Одновременно шел и обмен – не только с казахами, но и с крестьянами из ближних селений. Каждый день у состава шипели на сковородках яичницы, булькали в ведрах и в котелках мясные супы и каши, исходили паром закопченные чайники.
Подсаживаясь к кострам, загорелые до черноты степняки молча прислушивались к разговорам и песням, присматривались к тому, как едят москвичи. Один из них – низкорослый, неопрятный, с трахомными веками – особенно пристрастился к костру у бабьего вагона. Обращаясь то к одной, то к другой из женщин, скаля в улыбке желтые зубы и смачно причмокивая, он не то шутя, не то всерьез предлагал:
– Маладой, иди в женка. Кибитка есть, свой хата есть. Харашо будит, а?
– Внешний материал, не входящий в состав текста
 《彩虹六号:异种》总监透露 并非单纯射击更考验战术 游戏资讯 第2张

Те отшучивались, а он, ничуть не смущаясь, настойчиво повторял:
– Деньги есть. Считай, теперь нету? Есть меня деньга. Лошадей тоже есть. Коров есть. Овца есть…
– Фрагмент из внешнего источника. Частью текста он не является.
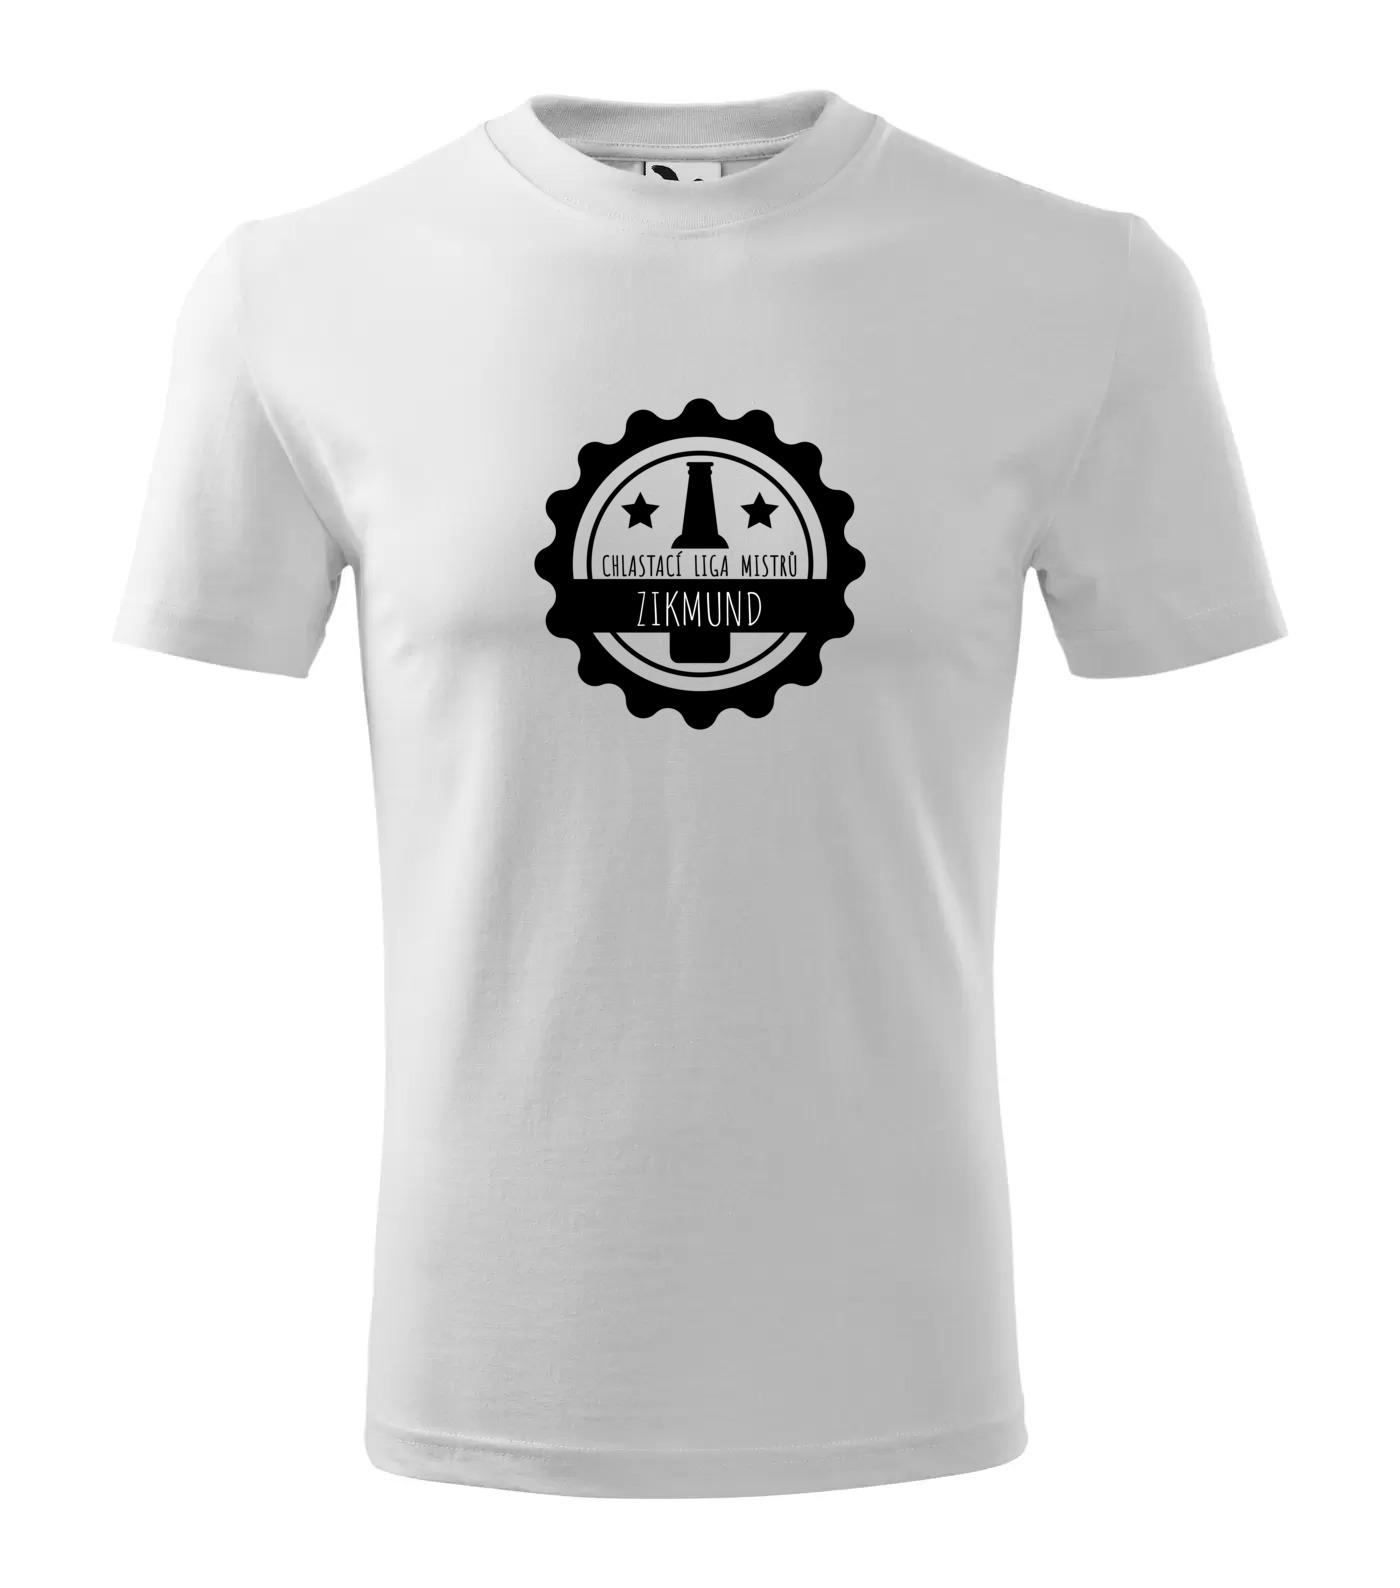 Tričko Chlastací liga mužů Zikmund

И показывал на пальцах сначала сорок, потом шестьдесят, а когда над ним начинали смеяться, то и двести лошадей и коров:
– Столько Мамбет есть, иди!
Филька с деланным сожалением объяснял ему:
– Глупые! Не хотят идти за тебя, Мамбет. Вон бабка Аграфена Коркина… видишь красотку? Она говорит: «Вымойся поди, тогда, может, выйду». Так ты и верно, пойди да мырни вон в то озеро, вымойся. Глядишь, бабка и согласится. И всего-то ей семь десятков. Зато знаешь, как она «Лазаря» тянет? Длиннее всех! Пойдет за тебя – ты тоже будешь тянуть…
Мамбет, улыбаясь, слушал, оглядывал баб одну за другой, чаще всего останавливая взгляд раскосых маленьких глаз на Зине Головиной или Клавке, тянулся пальцами к их загорелым крепким ногам и еще настойчивее предлагал:
– Тыща коней у Мамбет. Вся твоя будет. Юрта белый есть, многа-многа овца… иди!
Вероника вначале держалась особняком. Ее дорожных «кавалеров» – Константина и Свибульского – здесь не было, с остальными из вагона интеллигенции она не сдружилась, а к Зине с Клавой и к Родику Шустину еще не привыкла. Но не таков был Филька Тимохин, чтобы терпеть обособленность кого-либо из общей компании. Успев наменять на крестики в Славгороде и здесь мешков восемь муки, часть их уложив в изголовье на нарах, а часть, по разрешению Сухорукого, засыпав в тайник между стенками вагона, он теперь чувствовал себя «лихачом-богачом, которому черт нипочем». Бойкий на язык, лишенный застенчивости, он не постеснялся с первых же дней прибытия на разъезд перейти с Вероникой на «ты», пригласил ее «на довольствие» к общему костру, чем очень порадовал: одиночество тяготило ее, а навязываться самой – было не в ее правилах. Кончилось тем, что Филька стал как бы ее шутейным оруженосцем и ухажером.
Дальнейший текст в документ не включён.